Challenge
A leading healthcare company sought to develop a patient intake chatbot to streamline their processes and enhance patient experience. Initially, they considered using GPT-3.5, but this presented two major hurdles:
- High Operational Costs: GPT-3.5, while powerful, comes with significant usage costs, especially for a high-volume application like patient intake.
- Privacy Concerns: Due to the sensitive nature of patient data, on-premise deployment was essential, which further limited their options.
Solution
To overcome these challenges, Comerit implemented a strategic solution:
- Fine-tuned Mistral-7B: We selected the Mistral-7B large language model (LLM) as a foundation and fine-tuned it specifically for the healthcare company's needs and data.
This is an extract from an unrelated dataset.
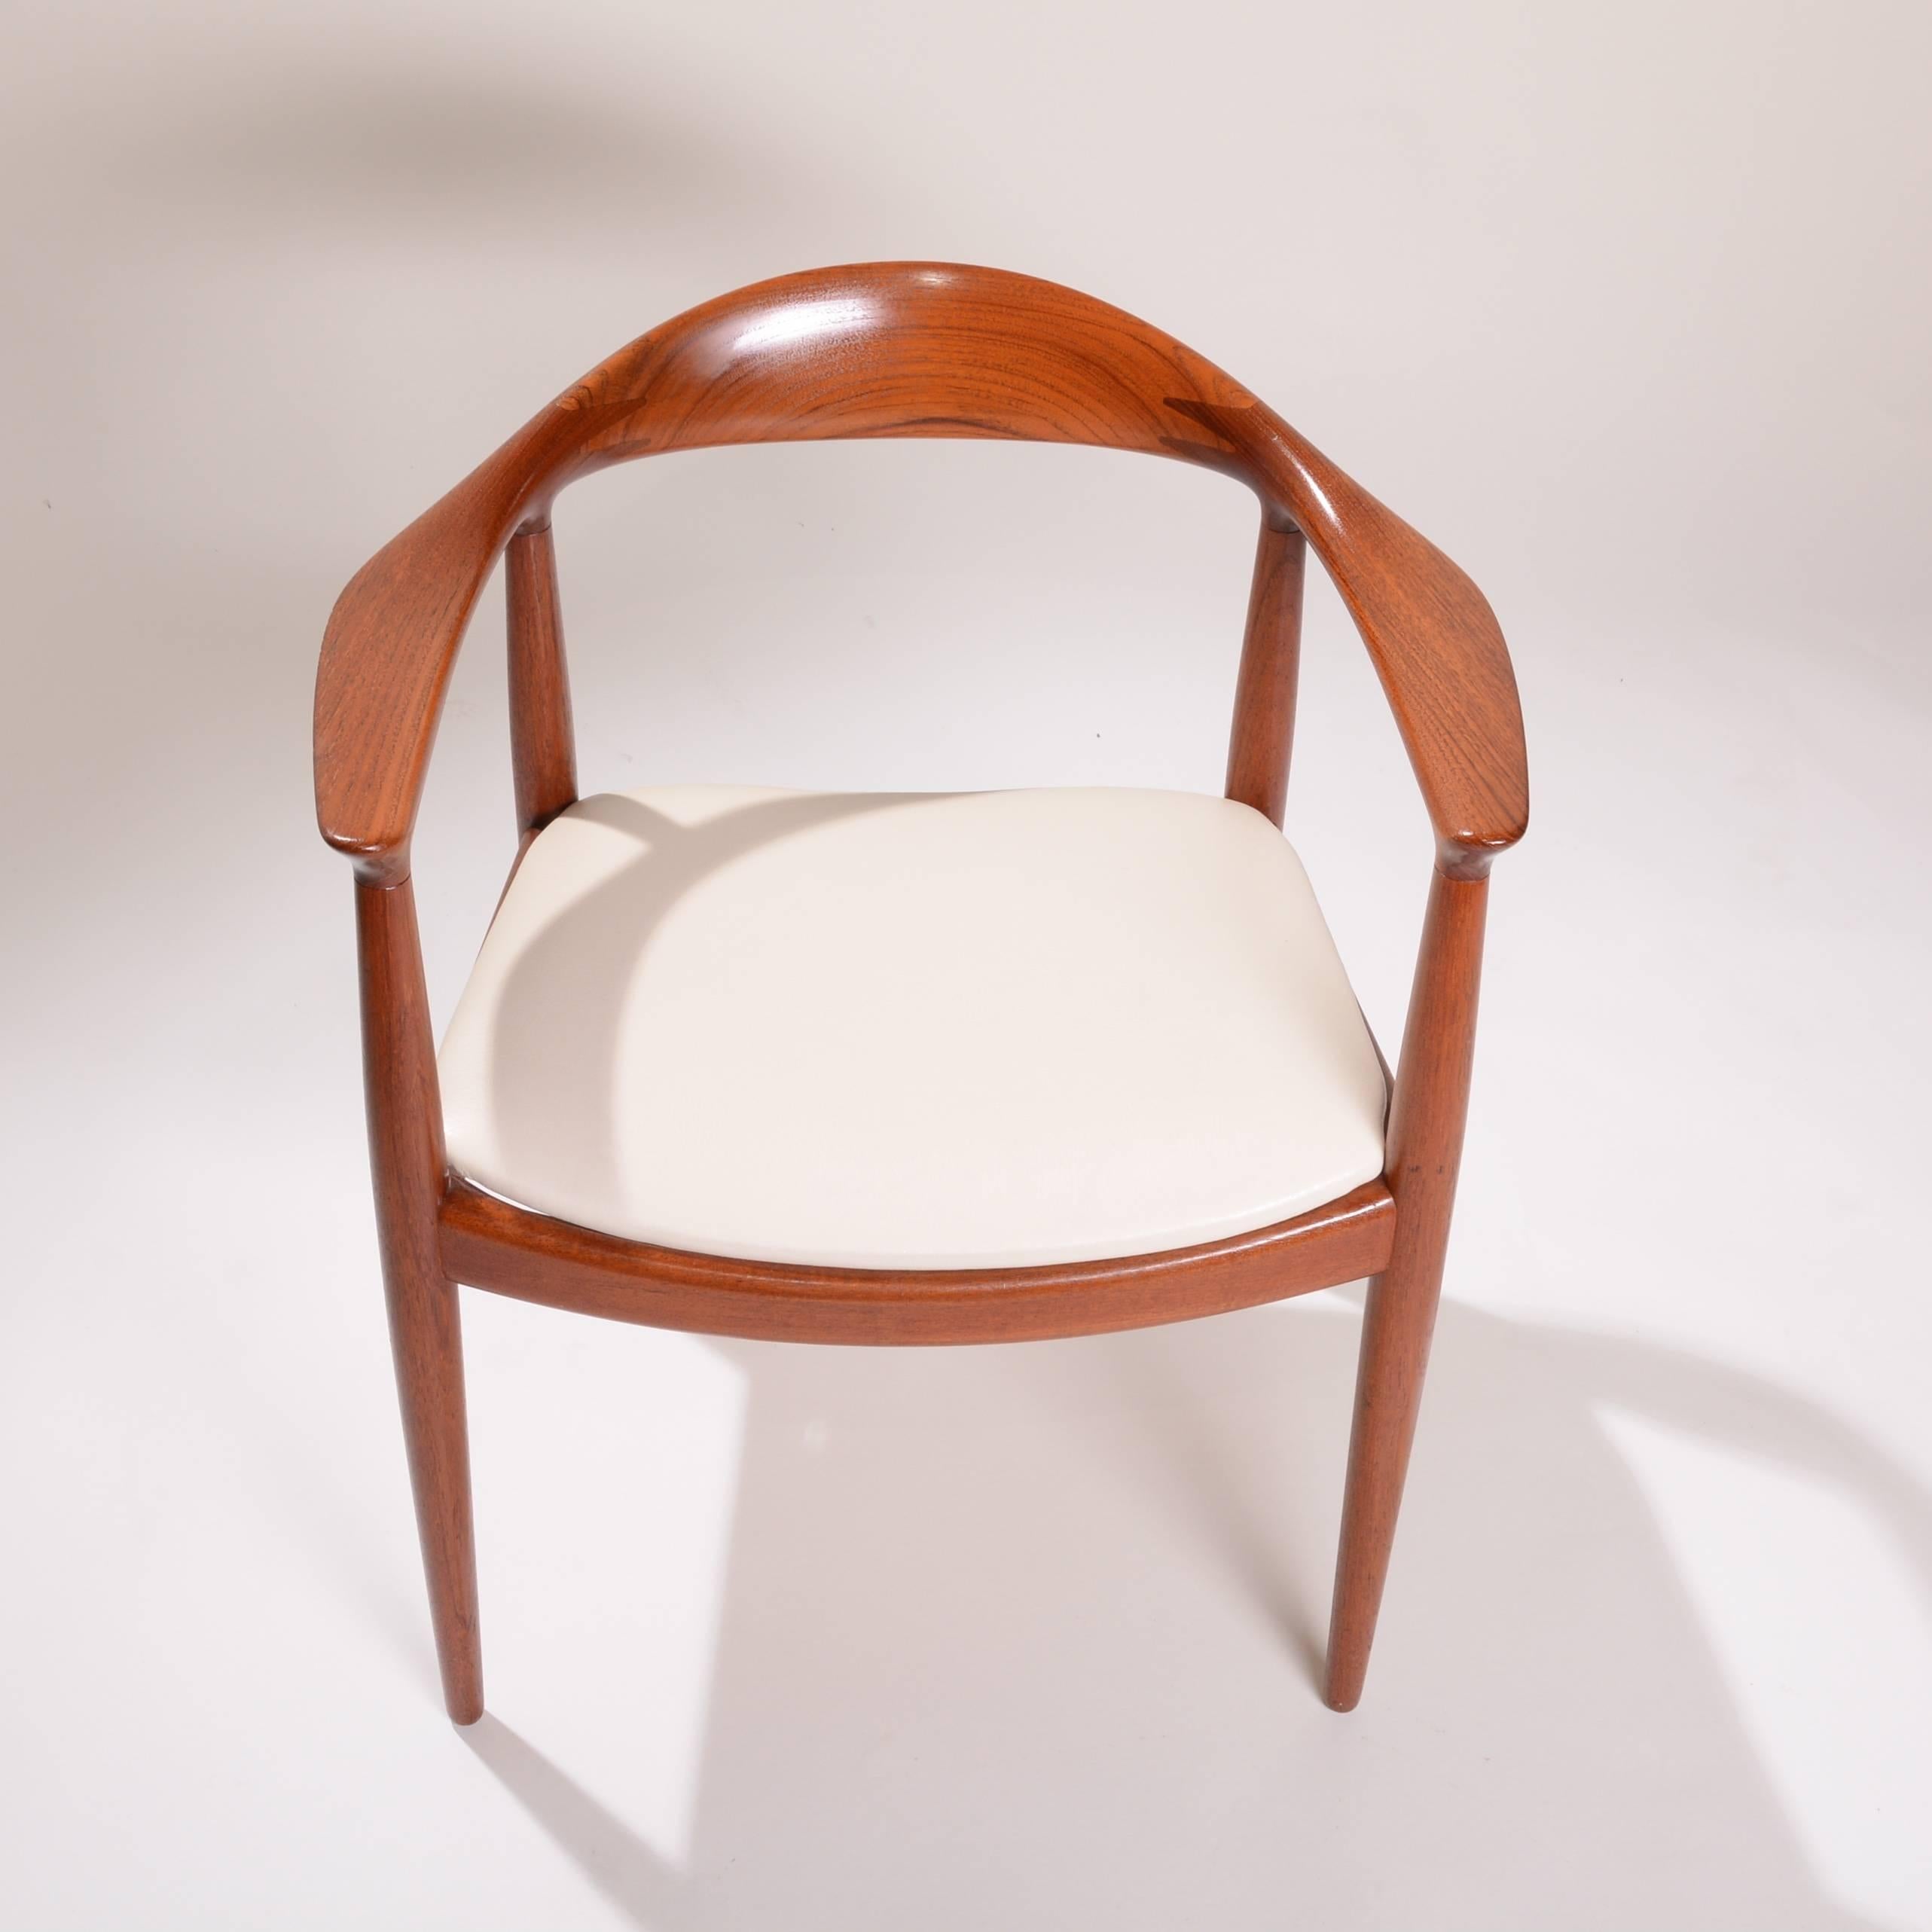 4 Early Hans Wegner for Johannes Hansen JH-503 Chairs in Teak For Sale 5

This allowed us to achieve comparable performance to GPT-3.5 while significantly reducing costs.
- On-Premise Deployment: We deployed the fine-tuned Mistral model on the company's premises, ensuring complete control over their data and addressing privacy concerns.
- Rigorous Evaluation: To ensure the chatbot met the highest standards of quality and accuracy, we implemented comprehensive evaluation metrics, including:some text
- Accuracy: Measuring the chatbot's ability to understand and respond correctly to patient queries.
- Fluency: Assessing the naturalness and coherence of the chatbot's responses.
- Comprehension: Evaluating the chatbot's ability to understand complex medical terminology and patient requests.
- Empathy: Measuring the chatbot's ability to provide supportive and empathetic interactions.
Results
The results of this approach were remarkable:
- Performance Parity: The fine-tuned Mistral-7B model achieved performance on par with GPT-3.5 across all key metrics.
- High Quality: The chatbot consistently maintained high quality scores, ensuring accurate, fluent, and empathetic interactions with patients.
- Enhanced Privacy: On-premise deployment guaranteed the privacy and security of patient data.
- Dramatic Cost Reduction: By leveraging the Mistral model and optimizing the deployment strategy, we significantly reduced the healthcare company's operational costs compared to using GPT-3.5. This translated into substantial savings without compromising quality or performance.
This case study demonstrates how Comerit can help businesses achieve their AI goals while optimizing costs and prioritizing data privacy. By strategically selecting and fine-tuning LLMs, we deliver powerful solutions that meet the unique needs of our clients.